That seemed just mildly out of proportion in her opinion.

But the other Sarada shook her head – again. As so often in the past five minutes. “No, my eyes have this... ability. Kind of like... special visual powers.” Her hands were wringing for words mid-air, apparently grappling with explanations suitable for someone who hadn’t even known shinobis still existed somewhere half an hour ago. “And when I strain those, my eyes start bleeding.”

Sarada could feel the confusion spreading on her face. “Like eagle vision?”

“More like a photographic memory and some foresight ability, amongst other things.”

Sarada’s jaw nearly kissed the bathroom tiles. “You can see the future?!”

But before she could even fantasize about the things possible when being able to peek into the future, her wandering mind was being grounded again.

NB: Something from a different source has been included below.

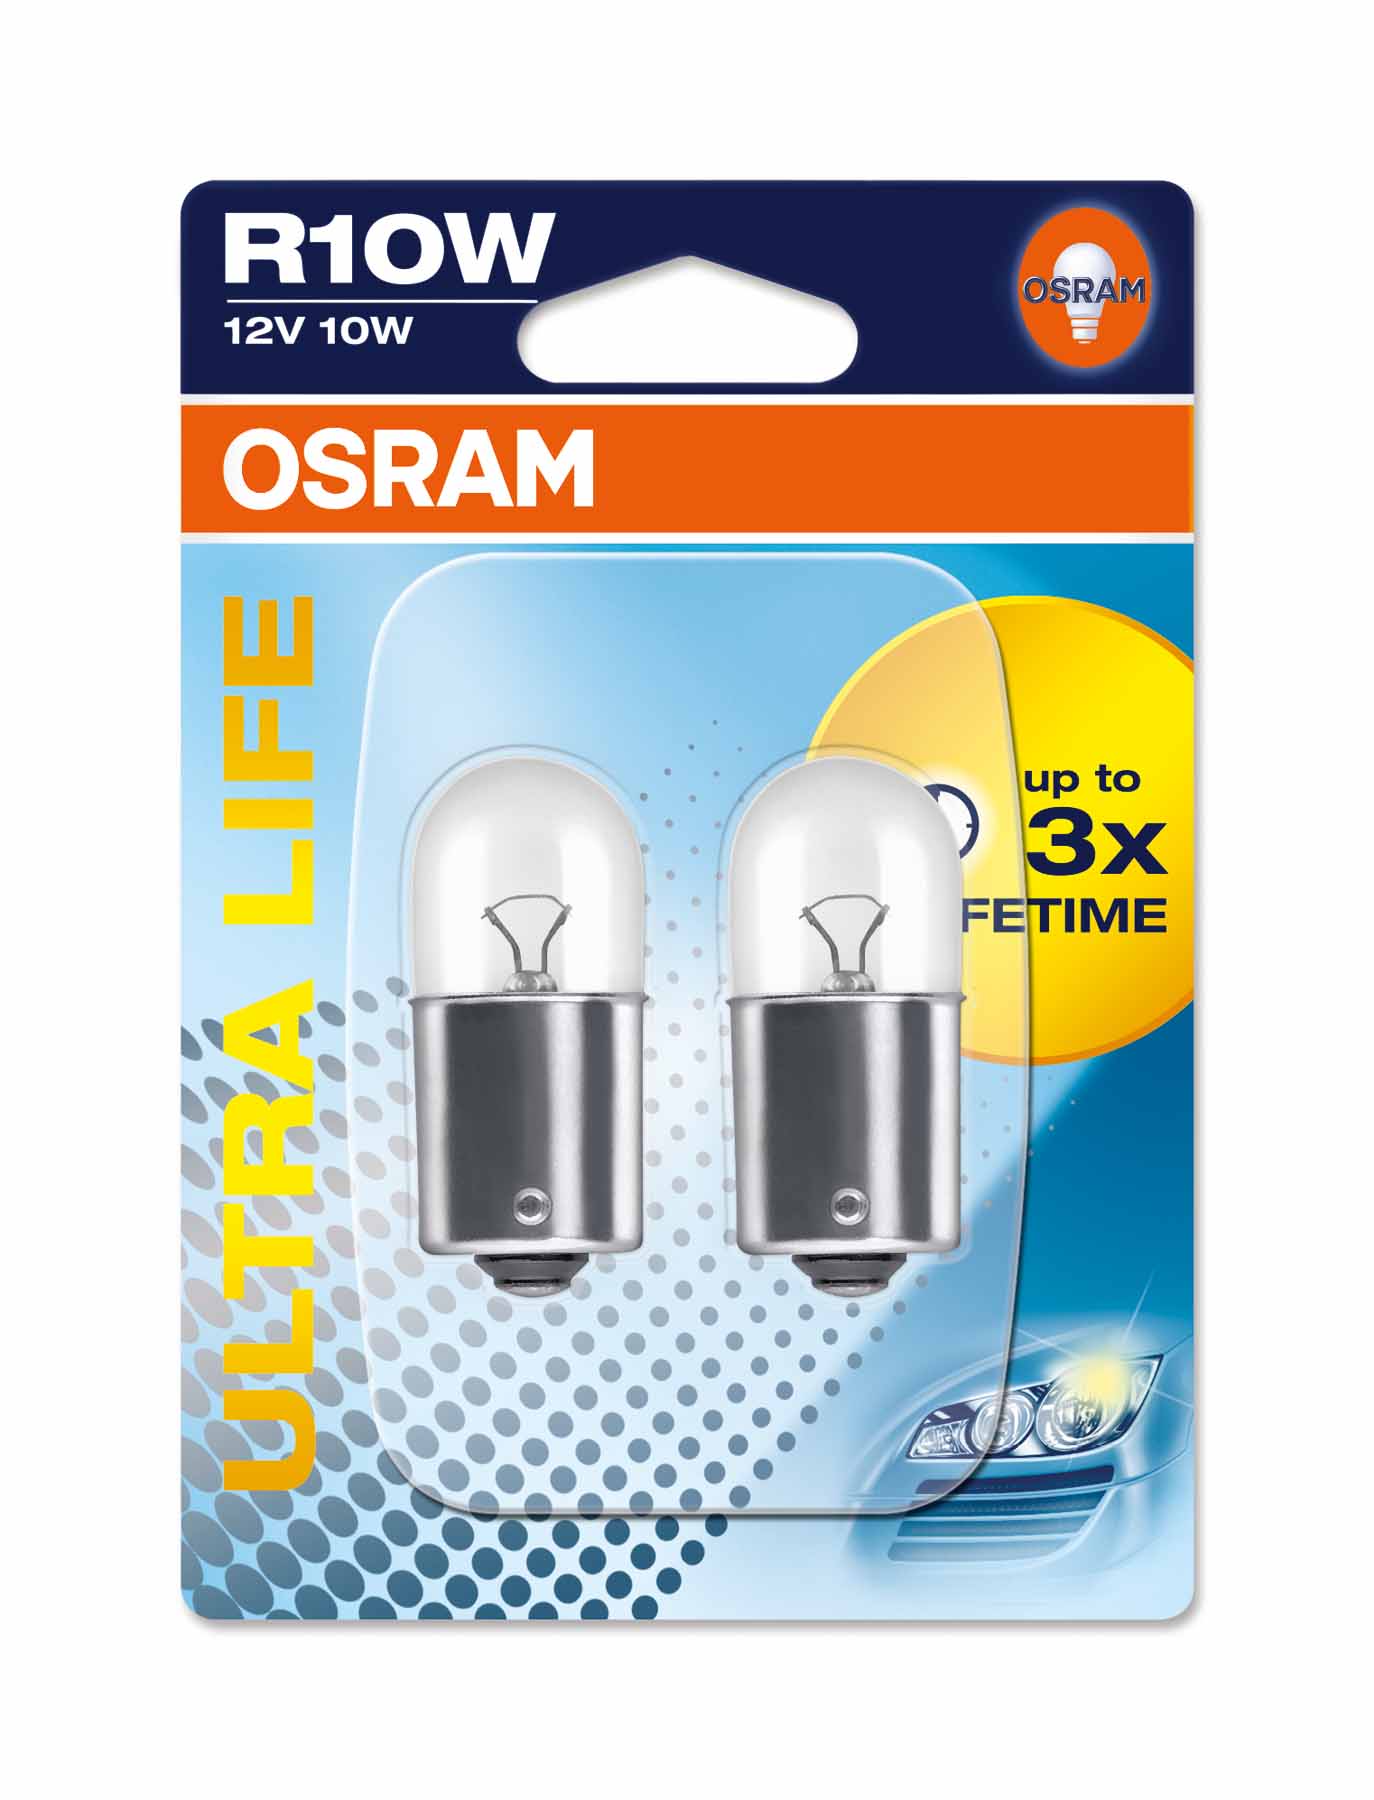 Ampoule R10W Ultra Life 10W [12V] (2 pièces), avant et arrière, 12 V OSRAM

“Not exactly,” her other self jumped in with a light chuckle, “but I can see my opponent’s moves and trajectories shortly before they happen.”

With even more respect than before, Sarada watched her other self put her top back on and sling her jacket across her shoulders. As tragic as her life probably had been up until now, and as much as Sarada absolutely did not want to swap places with her alter ego, she couldn’t help but be amazed by the feats apparently completely within the normal range of the shinobi world.

Interdimensional travel.

Supernatural eye powers.

What else was possible in that other universe?

At this point, it wouldn’t even surprise her if shinobi could wield the elements, like in the Avatar series.

God, she hoped she was a fire bender.

“Damn. That sounds like you’re impossible to beat!” she heard herself say, admittedly with a little more enthusiasm than she had actually wanted to exude about such a rather brutal topic.

It was answered with a dry laugh from her company. “Not quite. Every jutsu has a weakness; you just have to know it,” her other self explained with a lopsided smile.

Sarada nodded slowly. That they had apparently needed to flee from a fight should have actually been evidence for that already. That in turn made her wonder what else was actually out there.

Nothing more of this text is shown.